What’s attracting those who are already gainfully employed includes better pay, benefits and opportunity to climb the corporate ladder.
“I started as a clerk in 1988, and now I’m the warden running one of (CCA’s) largest facilities,” Laughlin said.
He said surprisingly he has not hired many people from local law enforcement agencies.
“I’m not really dragging a whole bunch from there,” he said.
Natchez Police Chief Mike Mullins said one Natchez police officer, detention officer and dispatcher was hired by CCA.
However, the correctional facility did take another of Mullins’ officers indirectly.
Adams County Sheriff Angie Brown said she lost a deputy to CCA, but she has already filled that position — by hiring a Natchez police officer.
Due to budgetary constraints, Mullins put his supply officer, who typically did a lot of clerical work, back on patrol.
“As long as (CCA doesn’t take) several employees at a time.
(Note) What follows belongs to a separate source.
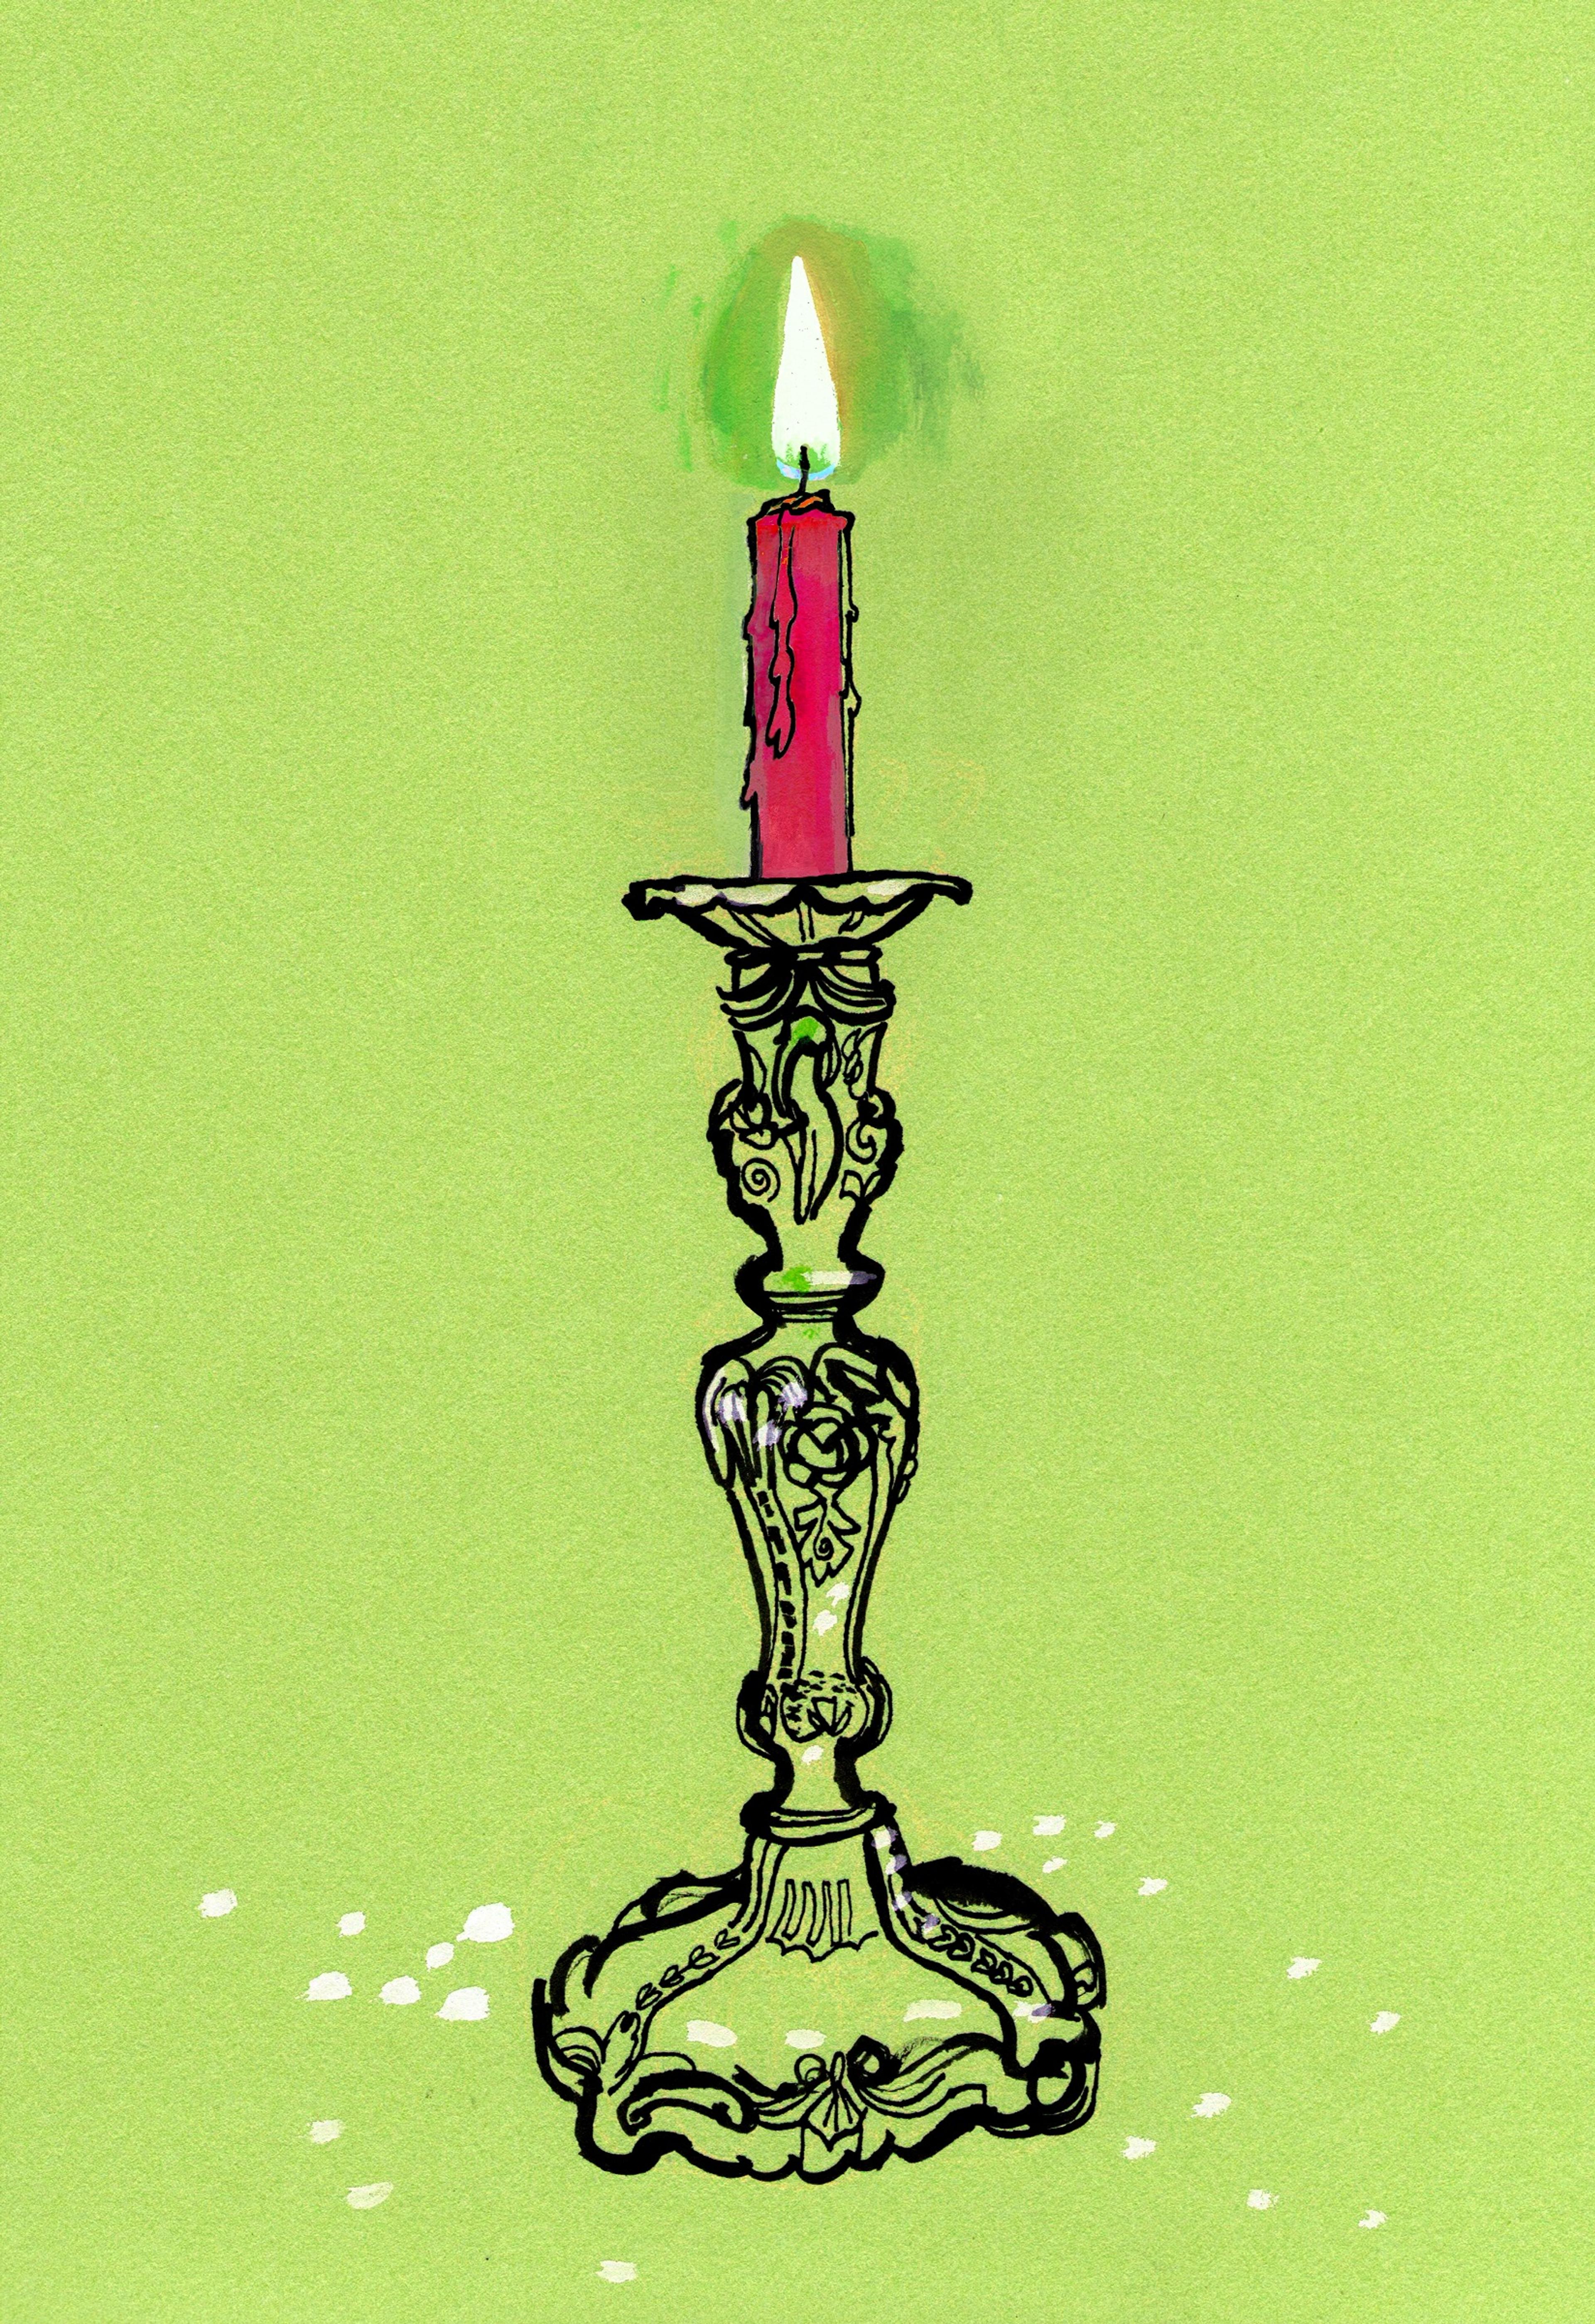 Illustration of an ornate candlestick against a green background

If it were several it would put a lot of pressure on us,” Mullins said.
The detention officer who went to CCA has already been replaced.
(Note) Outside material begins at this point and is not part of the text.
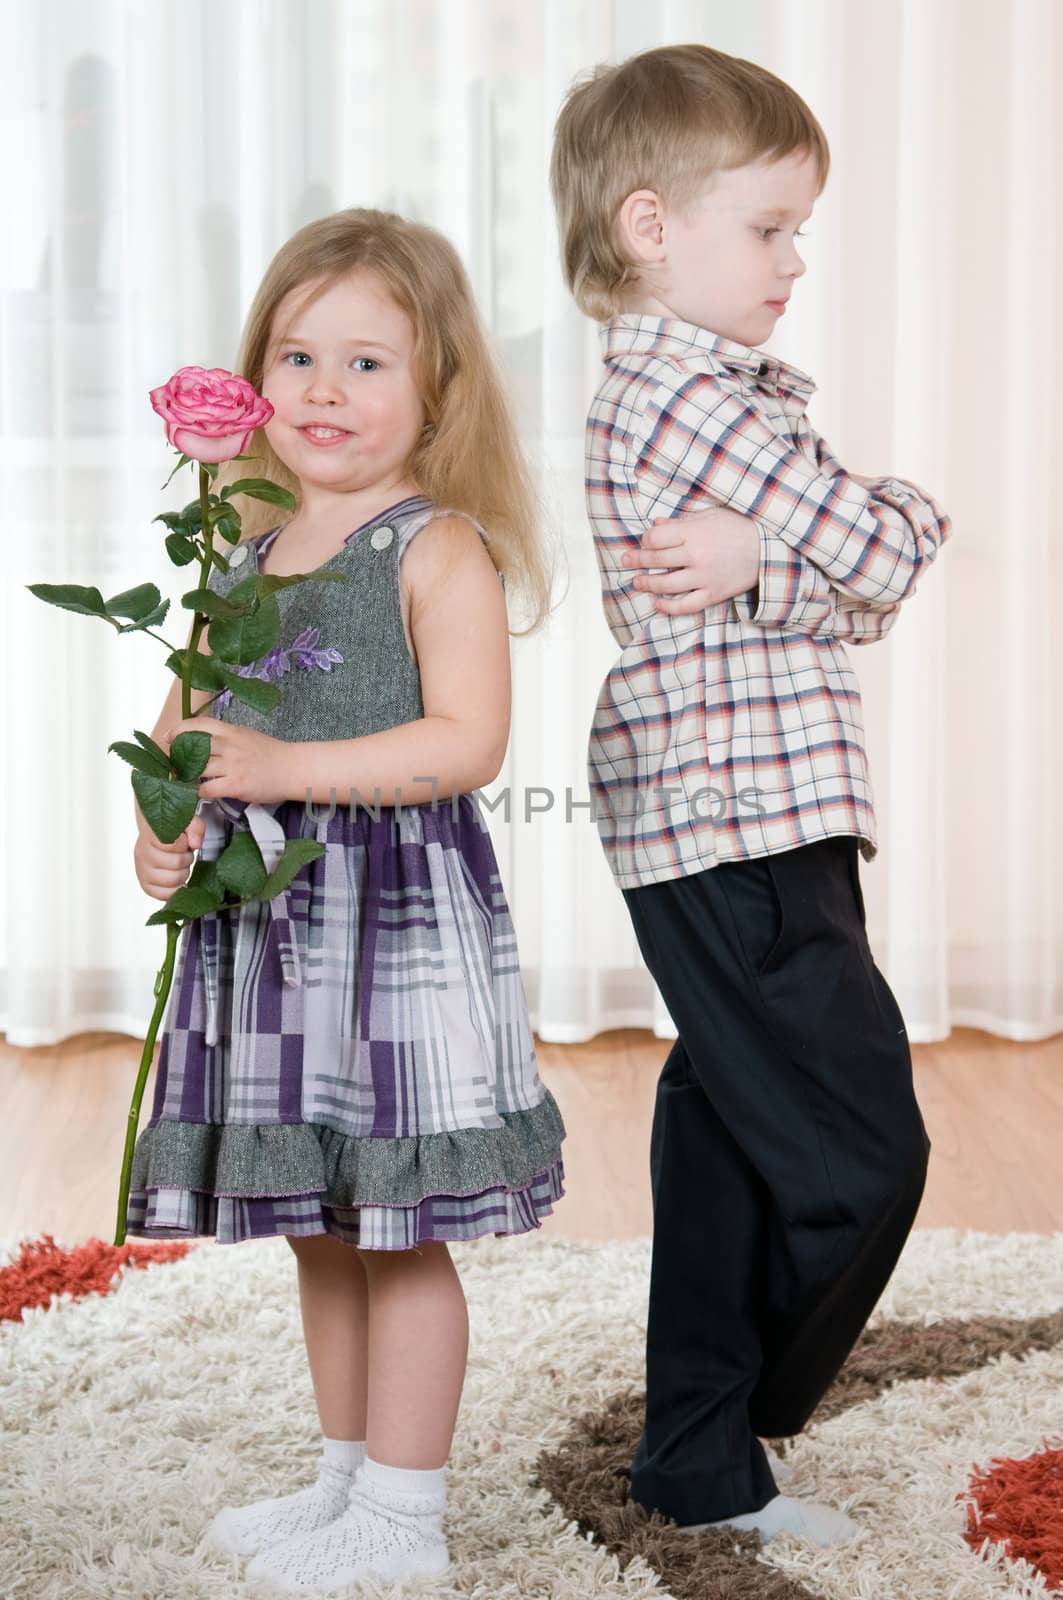 The little boy gives to the girl a  flowers

Brown said a few other employees are seeking work at CCA.
“There may be a possibility of one or two more, but I don’t know yet,” she said. “(Employees) have put in applications and done some interviewing, but they haven’t been officially hired.”
Neither the Vidalia Police Department of the Concordia Parish Sheriff’s Office report any turnover due to CCA.
Construction of the facility was completed in December, and in late March of this year, CCA won its contract with the Federal Bureau of Prisons.
The prison had a job fair, at which 3,000 people applied, in late April.
The prison will have its dedication ceremony July 14.